Aunt Belle had taken this new affliction after the fashion of a Mrs. Gummidge. It affected her worse than any one else, first because the ridicule and fault-finding to which her brother had always treated her were tripled in their amount and quality, and yet as she was dependent upon this childishly weak brother she must endure the treatment. Secondly, she was reminded that her age was somewhat near Mark Constantine's age and perhaps a similar fate lay in store for her. Lastly, it tied her down--propriety demanded that someone be in the sick room a share of the time and certainly Beatrice had no intention of undertaking the responsibility.

Steve had acted as Aunt Belle fancied he would act, genuinely concerned over the catastrophe and seeking refuge with this tired old child a greater share of the time. By degrees Aunt Belle left Steve to play the role of comforter and companion, since no nurse ever stayed at the Constantine bedside for longer than a fortnight. So she was allowed to gambol about in her pinafore frocks and high-heeled shoes, wondering if her brother had made a fair will, taking into account the fact that a woman is only as old as she looks--and with a tidy fortune who knows what might happen after the proper mourning period?

Beatrice had been prostrated at the news. For two days she stayed in bed and sobbed hysterically. Then she was prevailed upon to see her father and to take the sensible attitude of preparing for a long siege, as Steve suggested.

"How cold-hearted it sounds--a long siege!" she reproached.

"But it is true. He will not die--he will live until that splendid vitality of his has been snuffed out by a careless law of rhythm, so you may as well buck up and run in to see him every day and then go about as usual."

"A sick room drives me wild. I wish I had taken a course in practical nursing instead of the domestic-science things."

Steve did not answer.

"I can't bear to think of it. It's like having life-in-death in the very house. Oh, Steve, can't you talk him into going to a sanitarium? They'd have so many interesting kinds of baths to try!"

"He won't mind your parties, if that is what is bothering you. The only thing he asks is to be left in peace in his room with plenty of detective stories and plenty of medical attention, and he won't know if you dance the roof off. But if you really want to hasten the end send Gay up there with plans for remodelling his room--it will either kill or cure," he laughed.

"I must do something to help me forget and make it easier for him," she said, soberly. "I'm going to try a faith healer--not because I believe in them but because I don't want to leave any stone unturned.
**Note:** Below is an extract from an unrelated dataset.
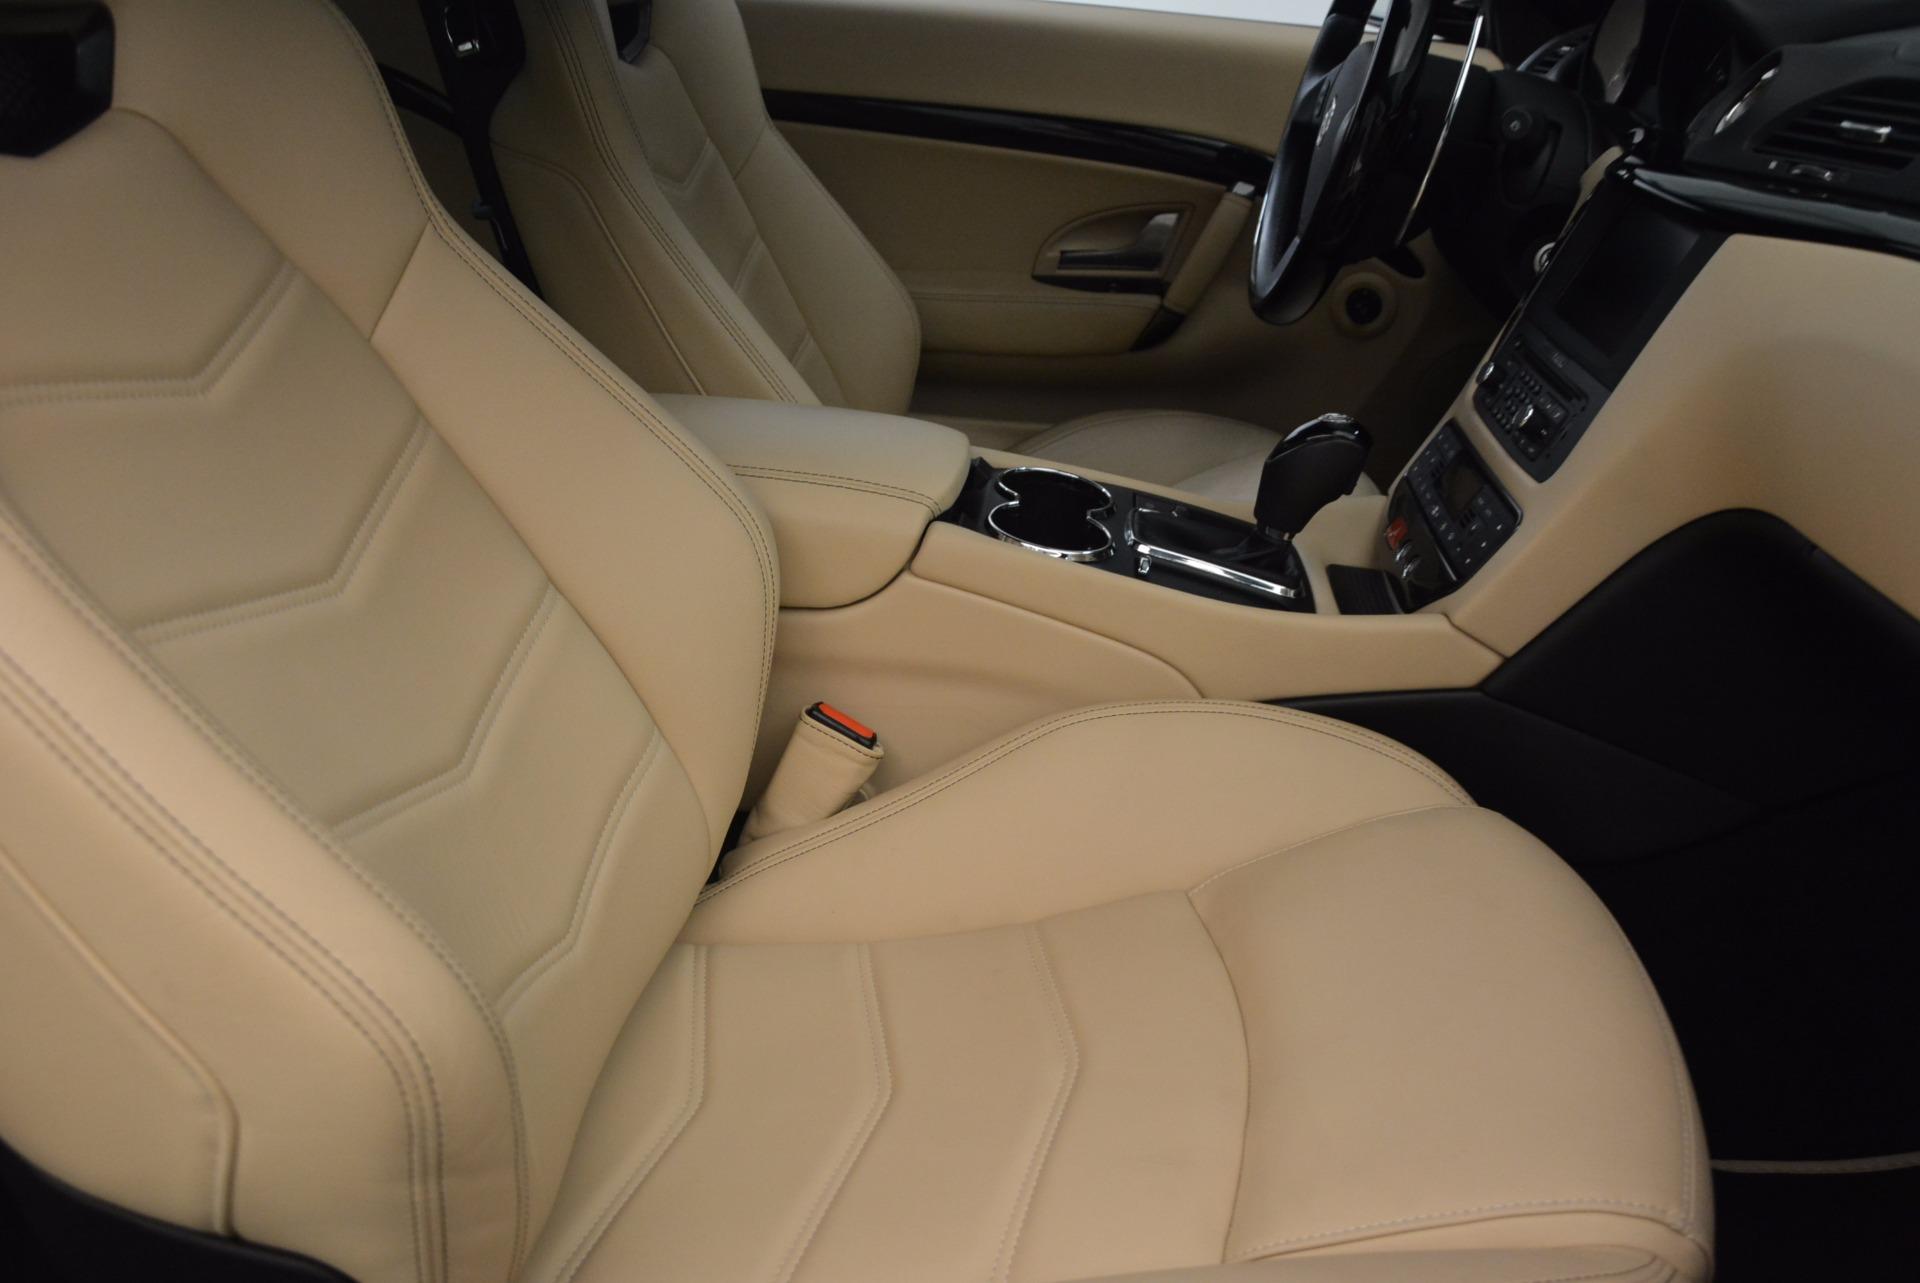 Used 2015 Maserati GranTurismo Sport Coupe For Sale In Westport, CT 1557_p23

I think a new interest would help papa. Would you try adopting a child or my taking up classical dancing in deadly earnest?" She was quite sincere and emotionally wrought up as she came up to him and laid her head on his shoulder.

"Oh, I'd take up classical dancing," he advised.

She gave a sigh of relief. "Yes, it's what I really think would be the best. I will dance on the lawn so papa can watch me."

He gave vent to his father-in-law's favourite expletive, "Gad!" under his breath.

He did not add what was an unpleasant probability: that, having to assume full responsibility of affairs, there were likely to be astonishing complications. Crashed-down oak trees are quite helpless concerning their enemies, reckoned upon or otherwise, and Steve, who had never taken count of his foes, would be called upon to meet them all single-handed.